At the Native Village of Shaktoolik camp, a young boy learns how to cut a fish for the first time.

Native Village of Shaktoolik

In Western Alaska, the Native Village of Shaktoolik has offered camp programs for 20 years. Its work began with the leadership of Paul Asicksik, an elder in the community who dreamed of getting youth back out onto the land to learn and practice traditional foodways, speak their language, and learn from elders. These camps bring 40 to 50 youth up the Shaktoolik River, where they camp in cabins and spend one week fishing, foraging, berry-picking, and storytelling.

Two elders, one man and one woman, join the camps to share their wisdom and create intergenerational learning opportunities. Each year, the campers put together lists of their wants and hopes, and the team at the Native Village of Shaktoolik work together to make their requests happen. The camp provides an important opportunity for youth from the community to learn their subsistence traditions, including the processing of fish and identification of traditional plants.

These projects achieve phenomenal, community-wide impact that increases access to culture for their youth, even as they express a need for additional funding. Extra funding would allow camps to build out their staffing structures, growing the capacity of current staff and expanding the number of their employees to serve additional youth in the community.

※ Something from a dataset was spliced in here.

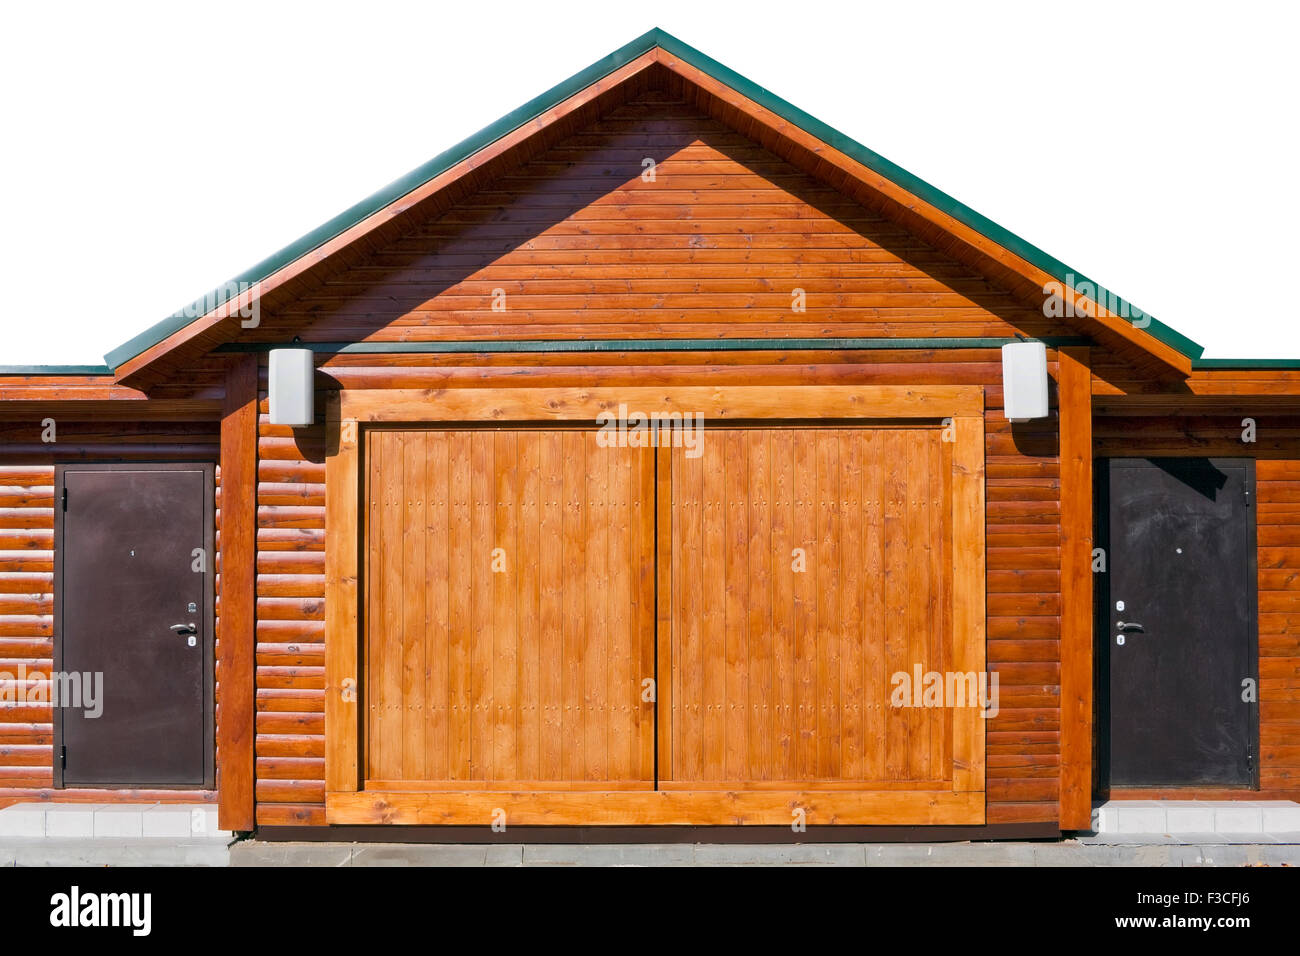 Moderno stile rustico- tettoia in legno con acciaio porte armati. Giornata di sole. Parzialmente isolato villaggio oggetto Foto Stock

For the Native Village of Shaktoolik, support from the Native Youth and Culture Fund has allowed it to increase staff pay for the first time in 20 years, finally rising above Alaska’s minimum wage of $8 per hour. In addition, all projects clearly demonstrate how inseparable Native language work and land access are from youth culture access. Through the reacquisition of their traditional lands, Native youth are able to connect with their homelands and learn about the places, plants, animals, and waters that their ancestors have known since time immemorial.